What will come in place of the question mark in the following number series: 14, 18, 9, 25, 0, ?

Introduction / Context:
This series alternates between increases and decreases, and the magnitudes of these changes are perfect squares. The question tests whether you can observe both the sign of the change and the fact that the differences are 2^2, 3^2, 4^2, 5^2, and so on. Such alternating square difference patterns are a favourite type of number series in competitive exams.

Given Data / Assumptions:

• Series: 14, 18, 9, 25, 0, ?
• Exactly one term is missing at the end.
• The terms both increase and decrease, suggesting an alternating pattern.

Concept / Approach:
Compute the differences between consecutive terms and examine both their signs (positive or negative) and magnitudes. If you notice that the magnitudes are 4, 9, 16, 25, which are the squares of 2, 3, 4, 5, and the signs alternate plus, minus, plus, minus, then you can predict the next difference as the next square with the opposite sign. This approach makes it easy to find the missing term.

Step-by-Step Solution:
Step 1: Compute the differences between consecutive terms. 18 - 14 = +4. 9 - 18 = -9. 25 - 9 = +16. 0 - 25 = -25. Step 2: Observe the absolute values of these differences: 4, 9, 16, 25. Step 3: Recognise that 4 = 2^2, 9 = 3^2, 16 = 4^2, and 25 = 5^2. Step 4: Note the sign pattern of the differences: +, -, +, -. Step 5: Therefore, the next difference should follow the same rule: it should be positive (continuing the alternation) and have magnitude 6^2 = 36. Step 6: Apply this to the last known term: 0 + 36 = 36.

Verification / Alternative check:
Write the full extended series with the computed term: 14, 18, 9, 25, 0, 36. Differences are then +4, -9, +16, -25, +36, whose magnitudes are 2^2, 3^2, 4^2, 5^2, 6^2 and whose signs alternate +, -, +, -, +. This shows a perfectly regular pattern in both magnitude and sign, confirming that 36 is the only value that fits naturally at the end of the series.

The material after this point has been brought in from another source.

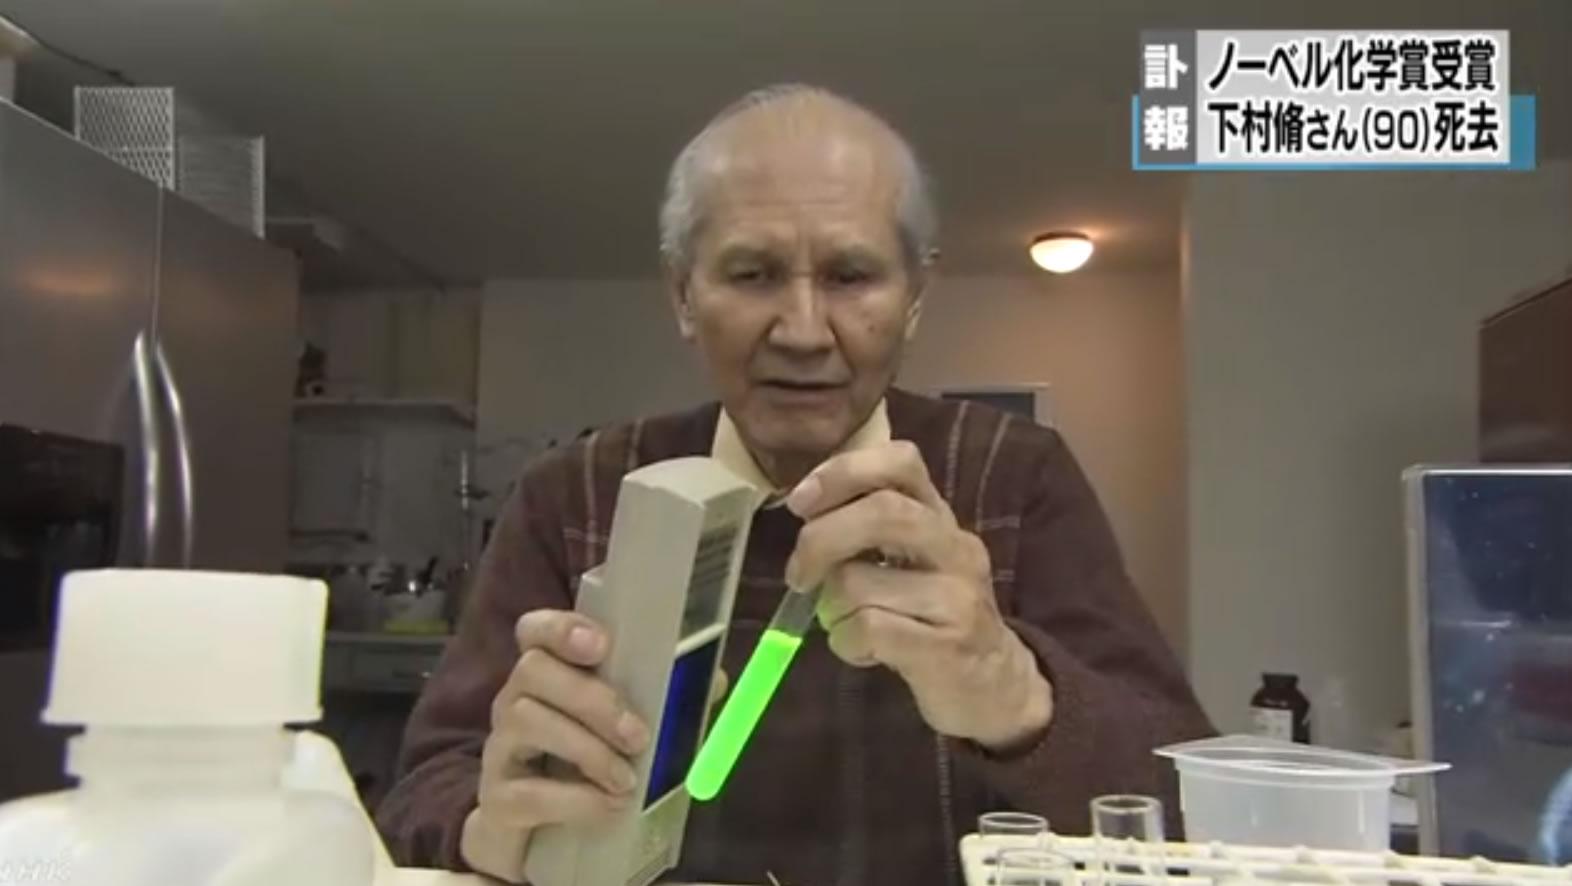 &nbspGanhador japonês do Nobel de Química morre aos 90 anos

Why Other Options Are Wrong:
If we choose 11, 23, or 20 instead, the last difference will either not be a perfect square or will not have the correct sign. For instance, 20 - 0 = 20, which is not equal to 36 and is not the square of an integer in this sequence. As a result, the series would break the observed rule of alternating differences with magnitudes 2^2, 3^2, 4^2, 5^2, 6^2. Therefore these options cannot be correct.

Common Pitfalls:
Some learners pay attention only to whether the numbers are increasing or decreasing and miss the structure in the magnitudes of the jumps. Others may see that 4, 9, 16 are squares but fail to notice that 25 is also a square and that the signs alternate. In questions where the series oscillates up and down, it is especially important to track both the absolute values and the signs of the differences.

Final Answer:
The correct term to fill the blank and continue the pattern is 36.